Market participants were also cautious this morning following the release of a slew of Chinese economic that showed year-on-year declines in the country’s gross domestic product (GDP), retail sales and industrial production – see other highlights below.
But China’s National Bureau of Statistics (NBS) said the economy was generally stable in 2019 with the main projected targets for development achieved, despite the easing. The NBS also said that the economy faces mounting downward pressure, and the country will take coordinated steps to ensure steady economic growth.

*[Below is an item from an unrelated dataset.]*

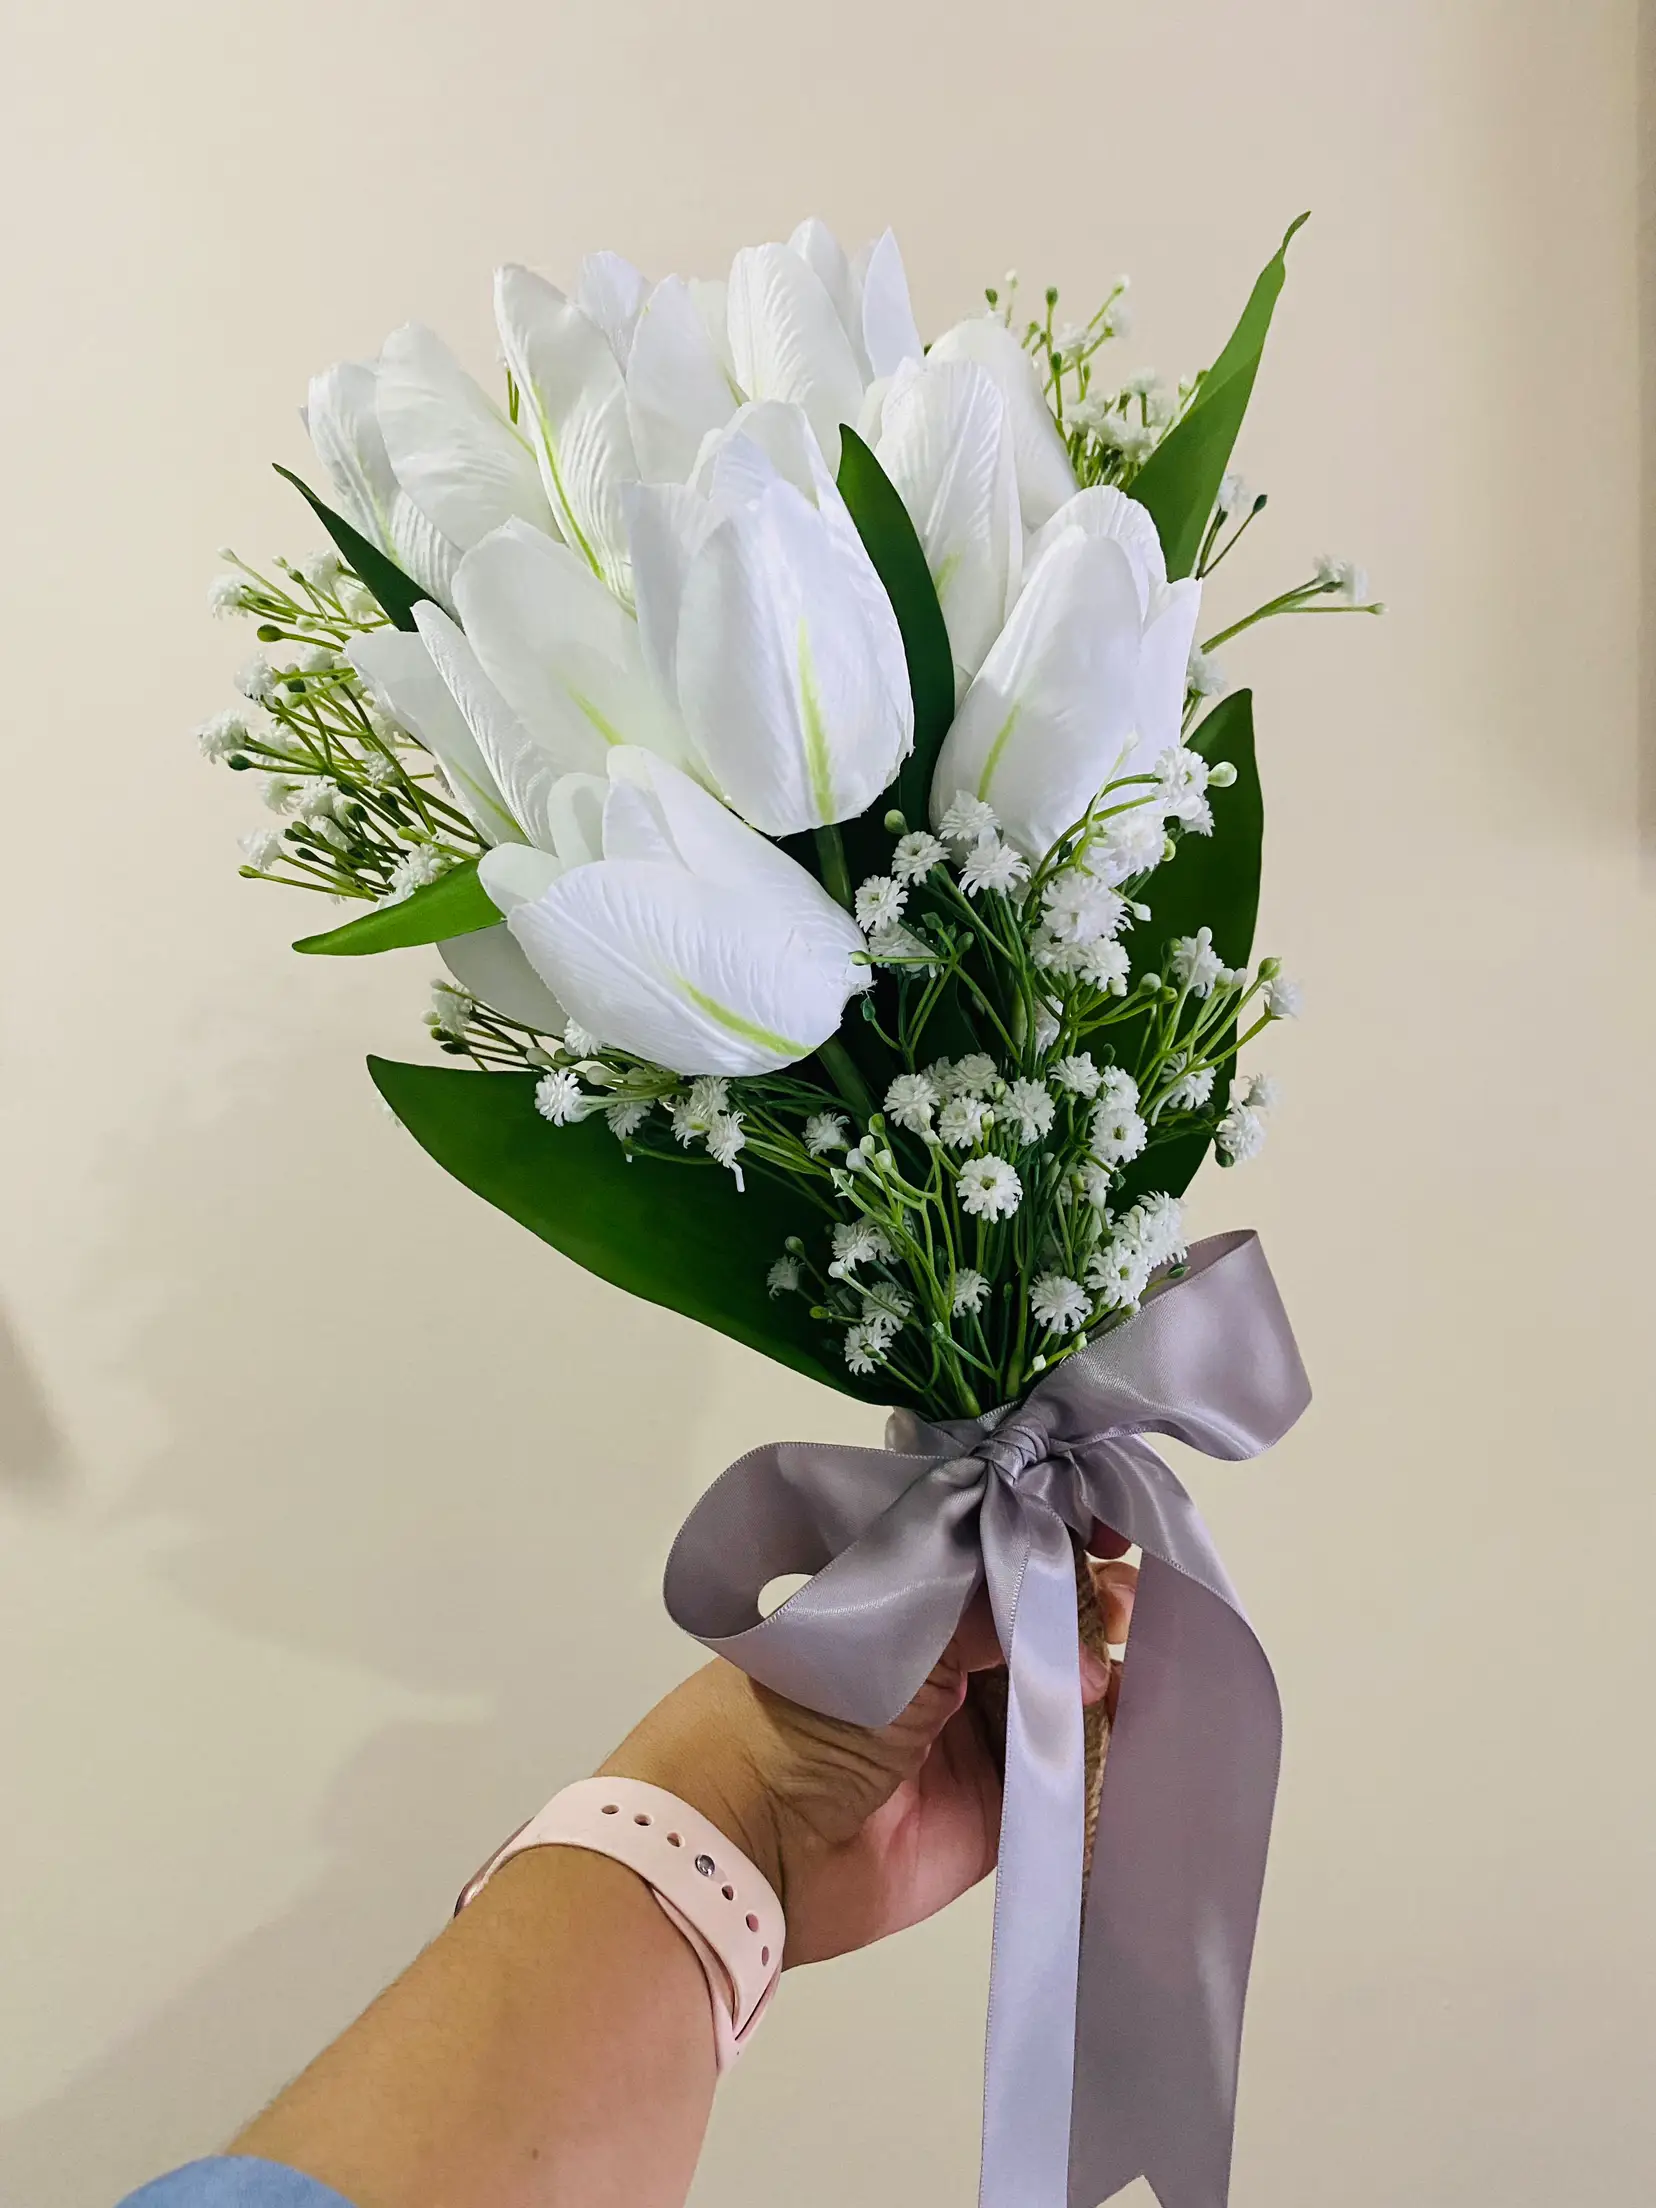 Panduan Untuk Membeli Bunga Perkahwinan Di Kedai Bunga

In terms of the SHFE base metals, nickel was the clear underperformer with its most-traded March contract dropping to 111,210 yuan ($16,157) per tonne at the close of morning trading on Friday, down by down by 2,310 yuan per tonne - or 2.1% - from Thursday’s close of 108,900 yuan per tonne.
This follows similar weakness in on the London Metal Exchange on Thursday, when the three-month nickel price plunged by 3.5% to close at $13,775 per tonne
, losing more than $650 per tonne from an intraday high of $14,435 per tonne.
Elsewhere, June tin rose by 0.4% to 140,220 yuan per tonne, March zinc edged up by 0.2% to 18,325 yuan per tonne, while March copper was unchanged at 49,200 yuan per tonne, March aluminium dipped by 0.1% to 14,285 yuan per tonne and March lead fell by 0.9% to 15,160 yuan per tonne.
- The dollar index, which gauges the strength of the US dollar against a basket of foreign currencies, changed little at 97.30 as at 11.33am Shanghai time.
- In data already out on Friday, China's year-on-year GDP growth stood at 6.1% in 2019, down from 6.6% in 2018, according to NBS data. The country registered industrial output growth of 5.7% last year, compared with 6.2% in 2018. Fixed-asset investments expanded by 5.4% year on year in 2019, versus 5.9% for the previous year. Retail sales increased by 8.0% year on year in 2019, down from 9.0% growth in 2018, the NBS said.
- Data of note scheduled for later on Friday include the European Union’s consumer price index (CPI), United Kingdom retail sales and a slew of US releases including building permits, housing starts, industrial production, JOLTS job openings and the University of Michigan’s consumer sentiment and inflation expectations.